**Provided material**
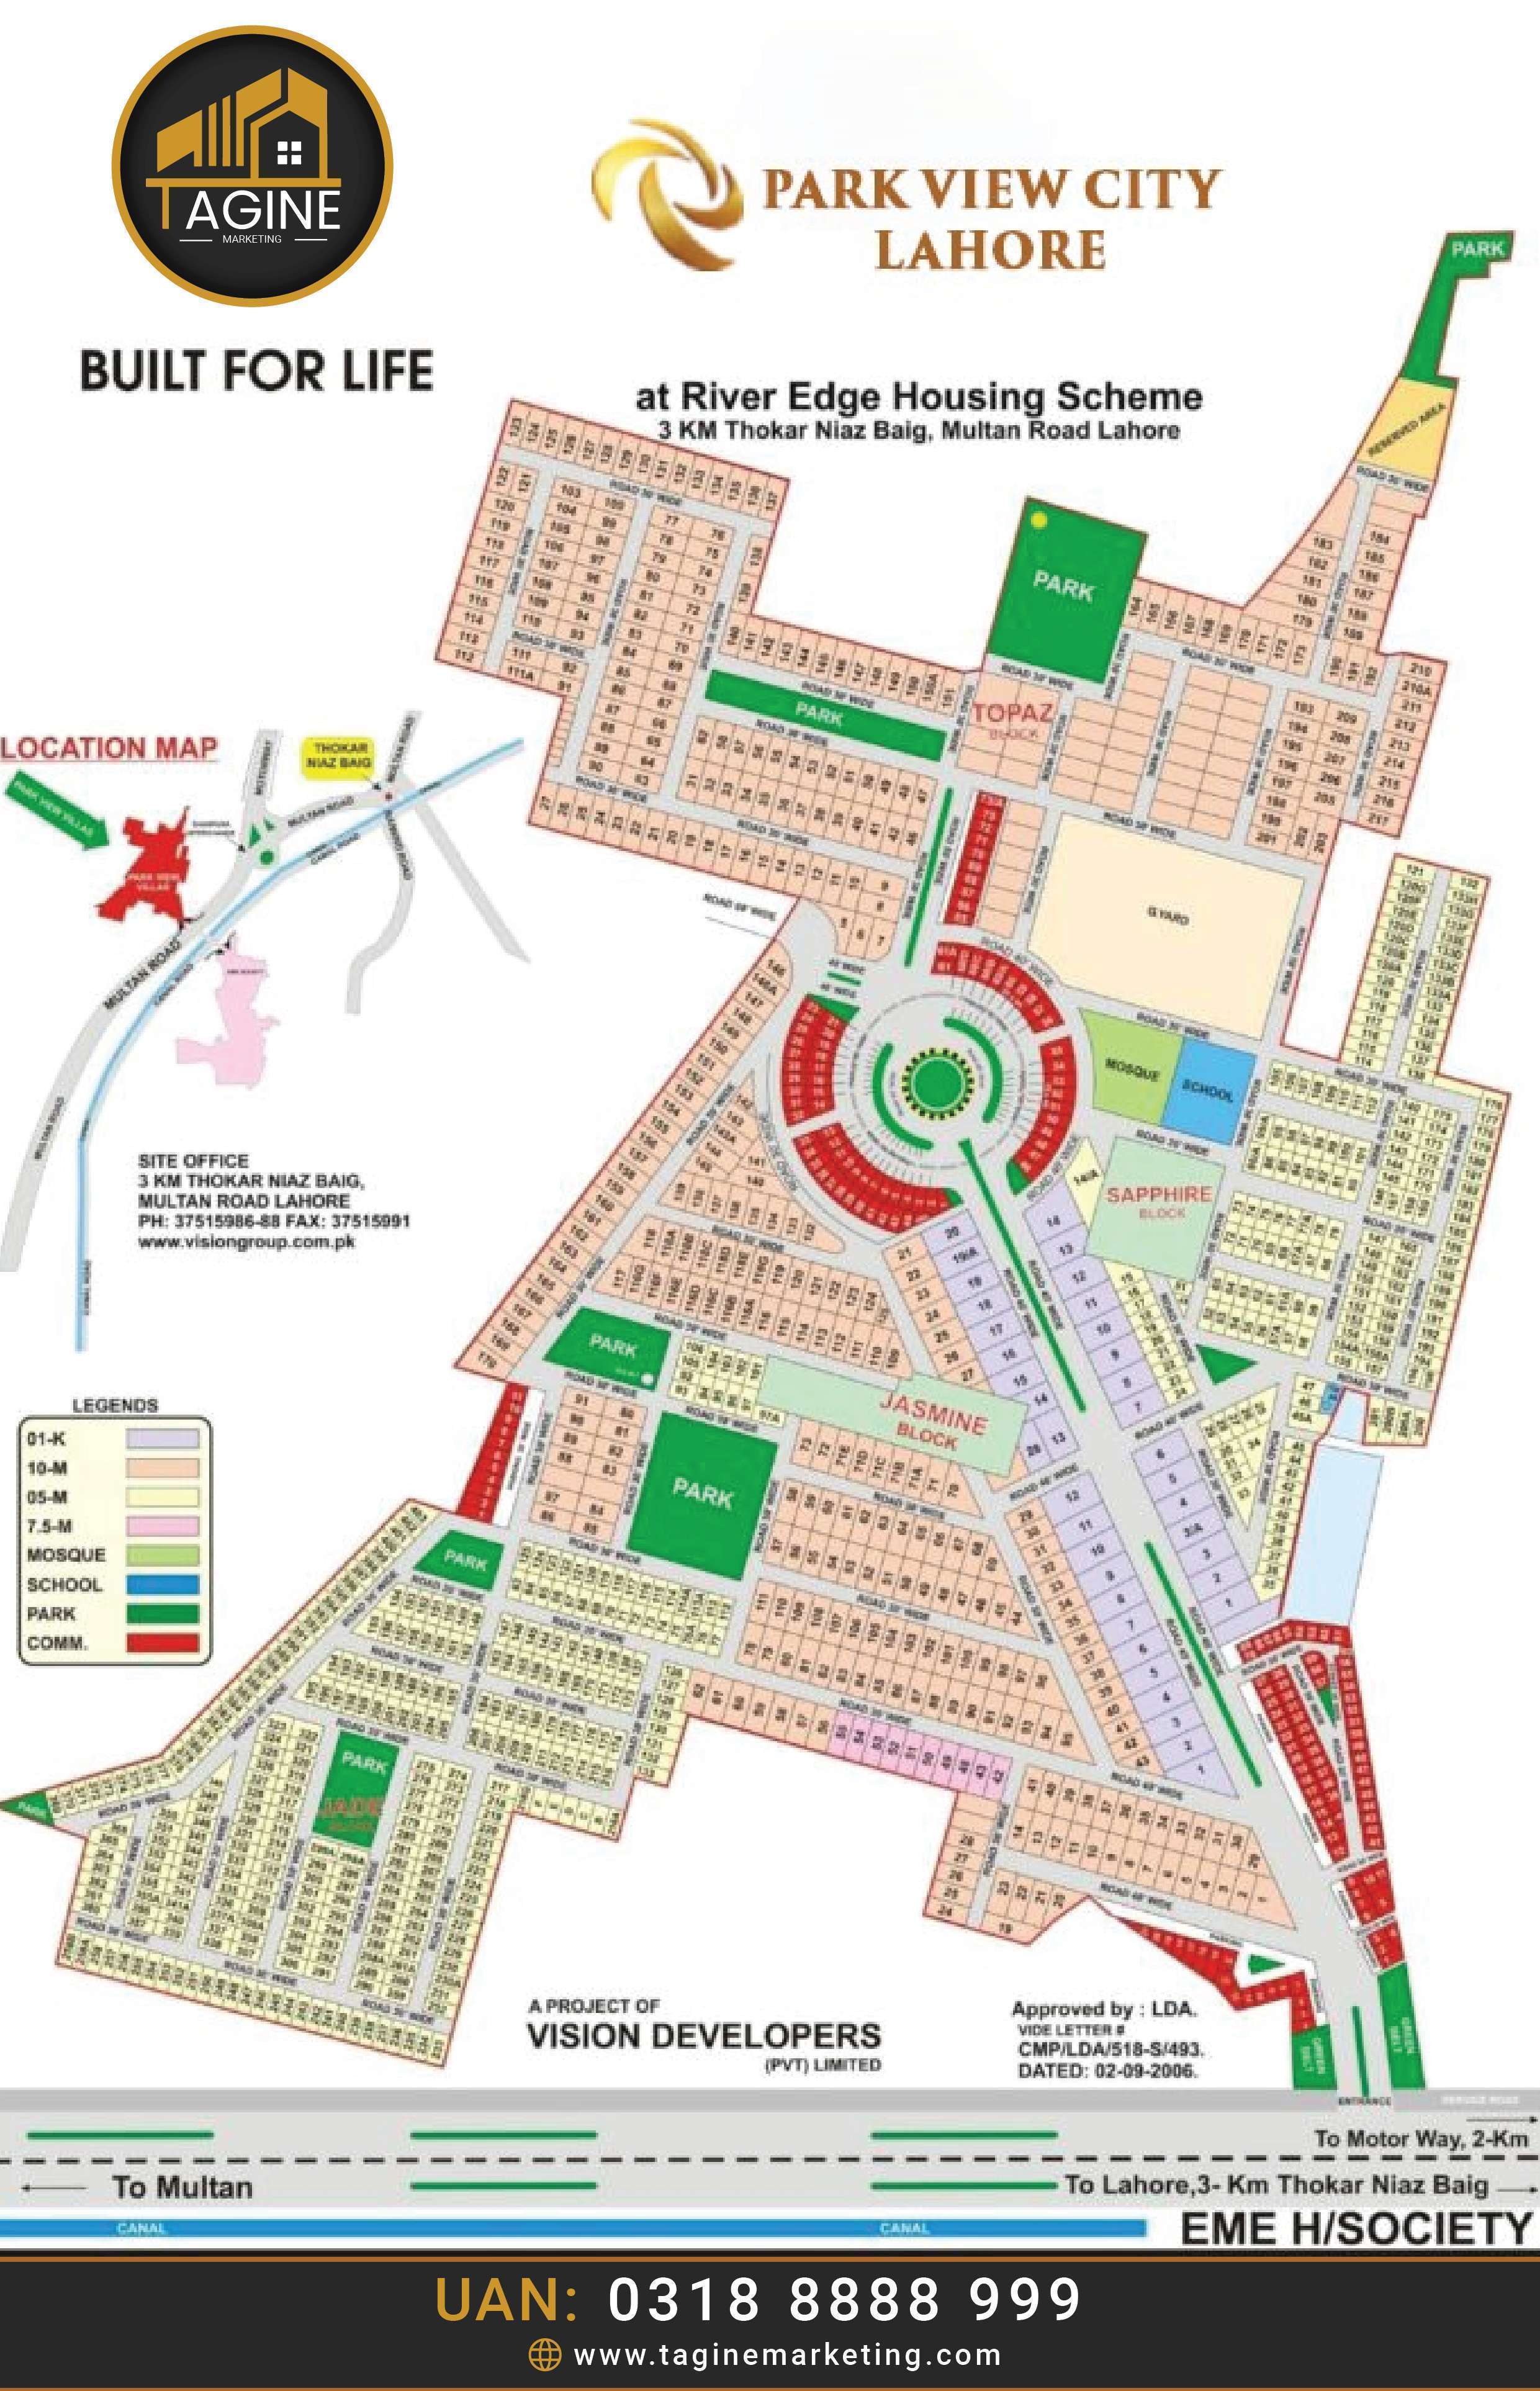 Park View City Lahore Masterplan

---

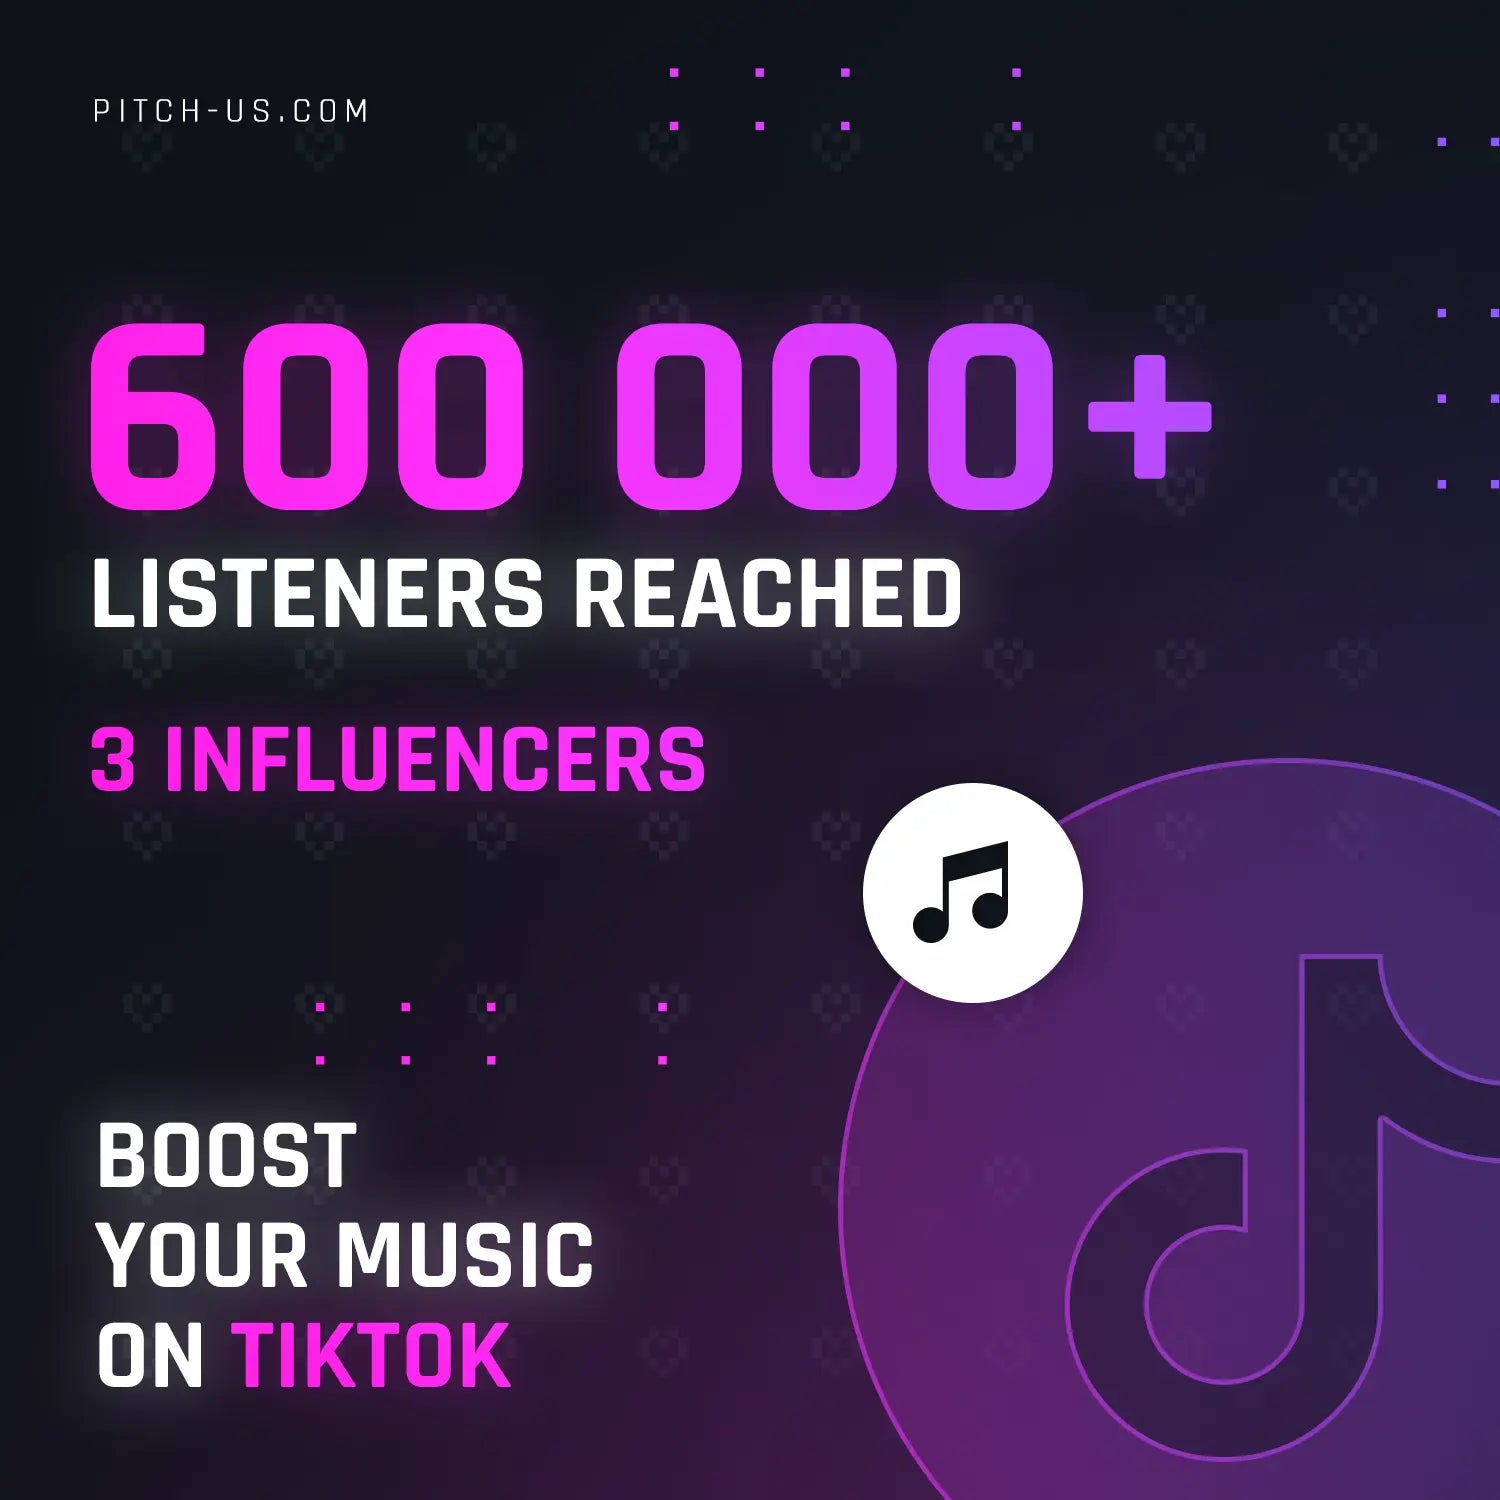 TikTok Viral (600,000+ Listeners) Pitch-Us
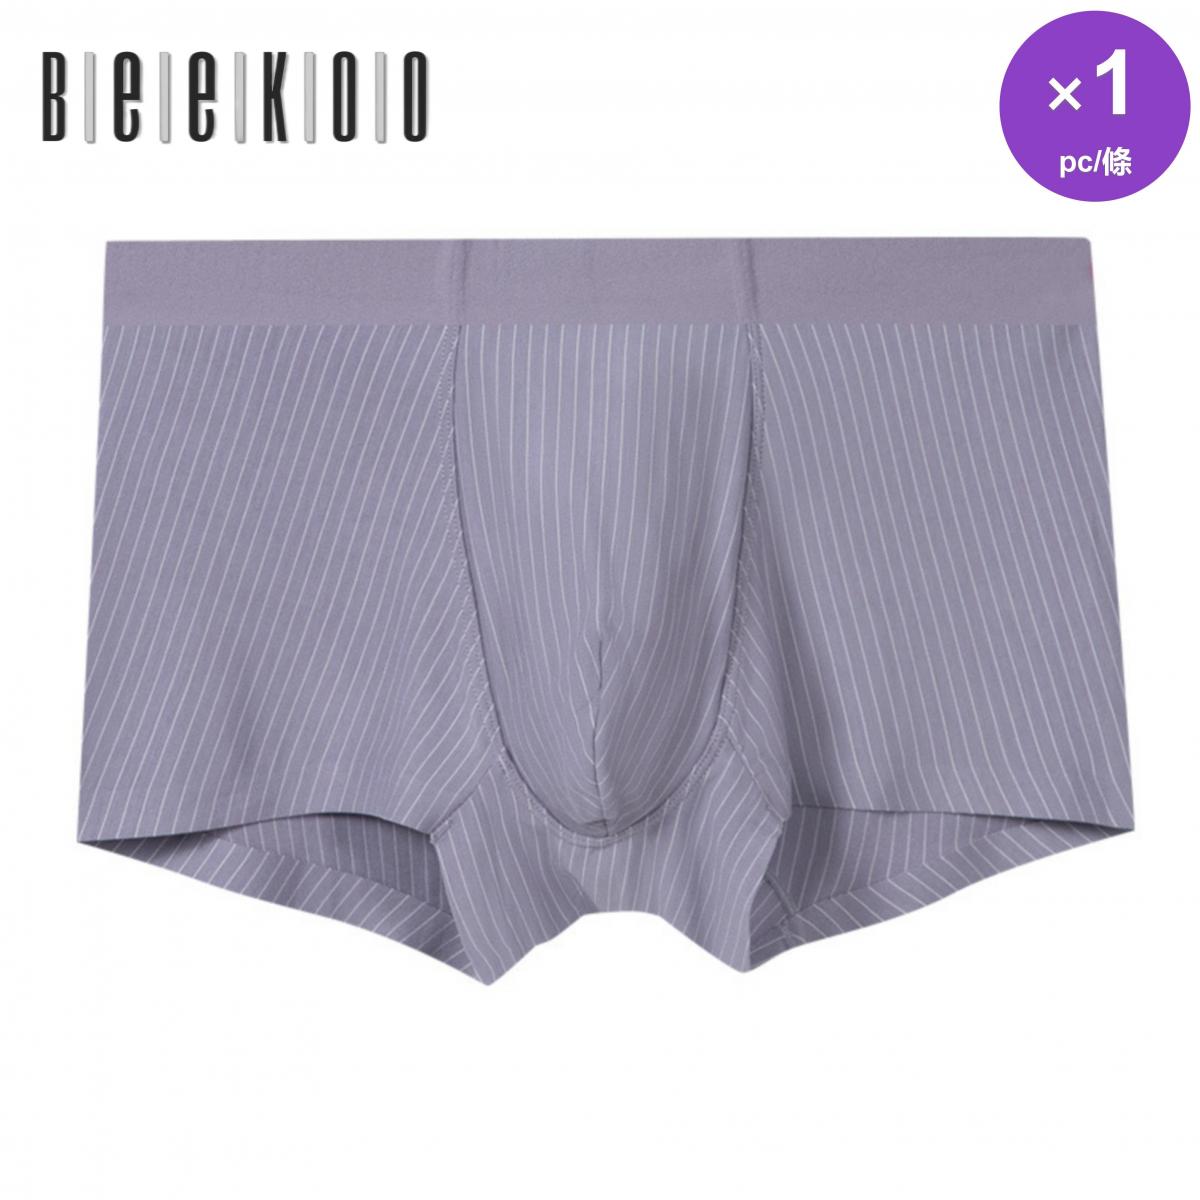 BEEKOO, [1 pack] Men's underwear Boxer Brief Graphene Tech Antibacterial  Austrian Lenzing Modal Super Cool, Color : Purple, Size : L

**Description of the task**
Only one stretch of the material above is wanted: the line containing "TikTok Viral (600,000+ Listeners) Pitch-Us" through the line containing "BEEKOO, [1 pack]". Restate it word for word, minus the pictures.

**Solution**
 TikTok Viral (600,000+ Listeners) Pitch-Us
 BEEKOO, [1 pack] Men's underwear Boxer Brief Graphene Tech Antibacterial  Austrian Lenzing Modal Super Cool, Color : Purple, Size : L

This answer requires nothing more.